Sí, me siento enormemente incómodo con eso, porque a los ojos de la prensa europea, no sucede sólo en España, Israel consiste en un 80% de fanáticos colonos en Cisjordania, todos muy religiosos; un 19% de crueles soldados en los controles de las carreteras, y un 1% de maravillosos intelectuales como yo mismo que protestamos contra el Gobierno y lo criticamos. Como es obvio, esto es una completa distorsión de la realidad israelí. Por otra parte le diré que el título que más me gustaría tener algún día es el de "antiguo militante pacifista". Porque eso significaría que habríamos conquistado la paz. Ojalá no necesitara ser político nunca más.
¿Y cree que vivirá para verlo?
Depende de lo que me quede de vida. Pero creo que el conflicto palestino-israelí está exhausto, creo que hay un síndrome de fatiga en ambos lados, y creo que la fatiga es una buena ayuda para los conflictos en general, no sólo entre naciones, sino también entre parejas.
Sí, es bueno para llegar al divorcio. Usted lleva pidiendo desde 1967 que haya dos Estados, el israelí y el palestino. En esto fue verdaderamente precoz. Siempre ha tenido una visión muy pragmática sobre el asunto. Como usted dice, una visión de médico.
La mayor diferencia entre la intelectualidad de izquierda europea y yo mismo es que los intelectuales de izquierdas europeos, cuando ven un conflicto internacional, se apresuran a firmar un manifiesto contra los malos, organizan una manifestación apoyando a los buenos y luego se van a dormir muy satisfechos de sí mismos. Yo, por el contrario, tengo la actitud de un médico de urgencias. Si veo que ha habido un accidente de tráfico en la carretera y veo que hay heridos ensangrentados, antes de ponerme a determinar quién fue el que causó el accidente o qué porcentaje de culpa hay que repartir a cada cual, lo primero que intento es parar la hemorragia, y a continuación estabilizar al paciente. Y después de eso miraré la manera de curar las heridas. No pierdas un tiempo precioso preguntando quién tiene la culpa, porque además, en el caso de Israel y Palestina, no se trata de una cuestión en blanco y negro. Este es un conflicto entre dos derechos igualmente legítimos, el de los palestinos y el de los israelíes? Y a veces incluso pienso que es un conflicto entre dos causas igualmente erróneas.

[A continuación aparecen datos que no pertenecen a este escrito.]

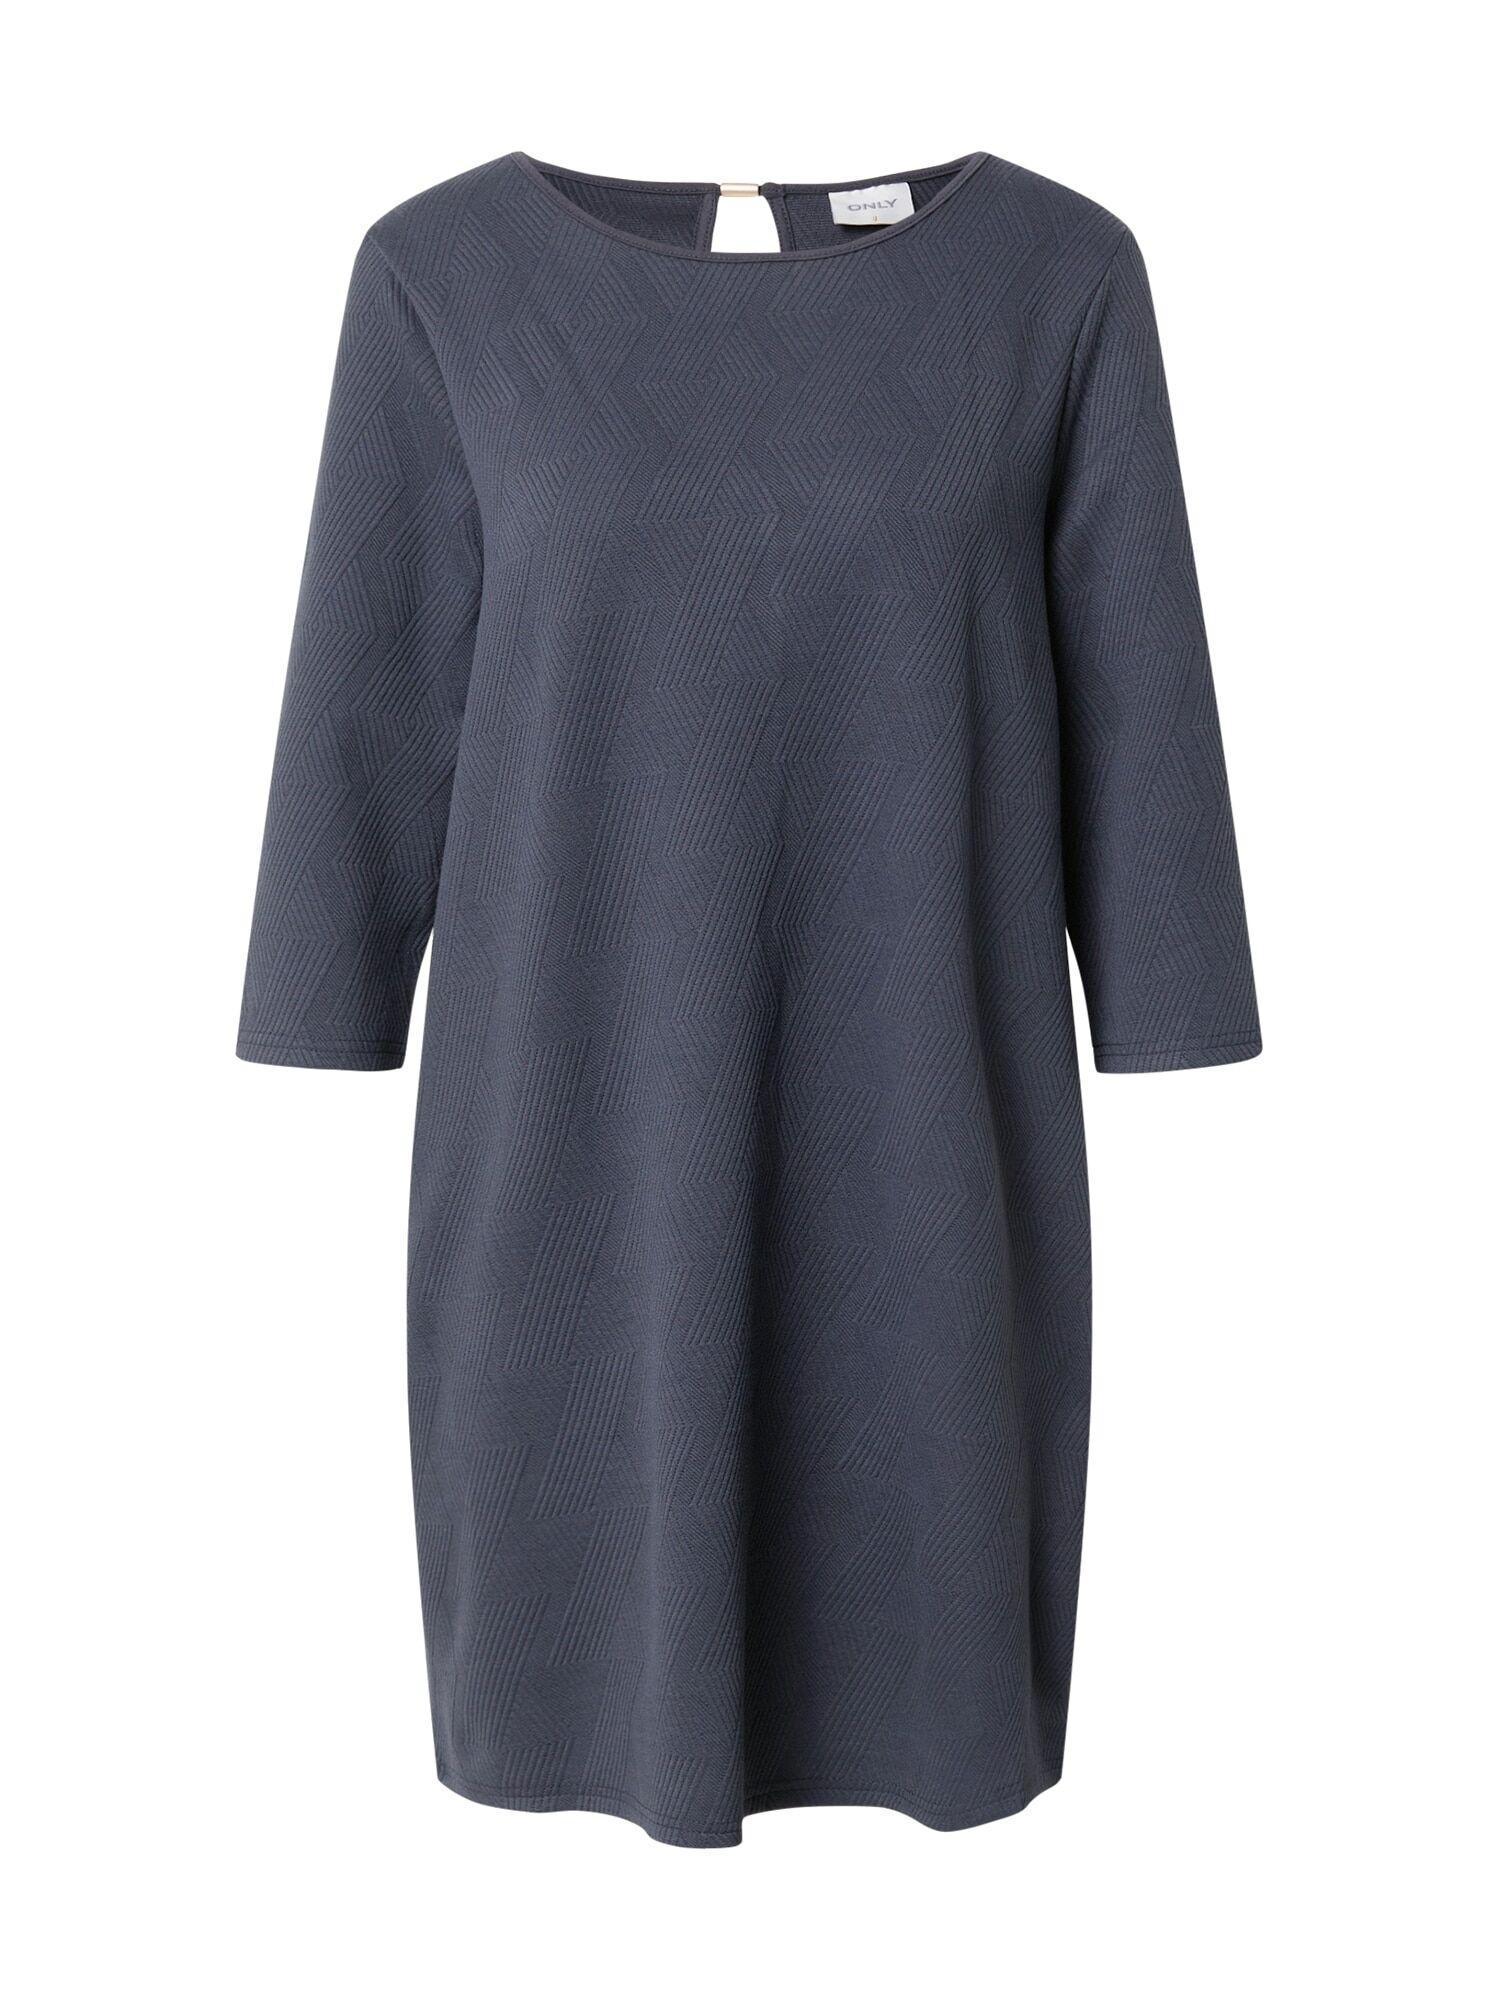 ONLY Robe 'SOJA'  - Bleu - Taille: M - female

Acaba de publicarse en España 'Fima' (Siruela), una novela suya que resulta muy actual, aunque es de 1989. Fima, el protagonista, se angustia mucho cuando escucha noticias de los territorios ocupados. Cuando una niña árabe muere porque los israelíes no le dejan cruzar el control y llegar al hospital, por ejemplo. ¿A usted le sucede lo mismo? ¿Le agobia todo esto?
Sí, sí, es terrible y a menudo siento que no puedo aguantarlo, que ya no puedo soportarlo. Pero desde luego, a diferencia de Fima, yo vivo una vida mucho más estable, más pacífica. De manera que a veces me siento y escribo una novela, puedo escaparme de la política. Fima, en cambio, imagina todo el rato lo que haría si él fuera el primer ministro, está obsesionado.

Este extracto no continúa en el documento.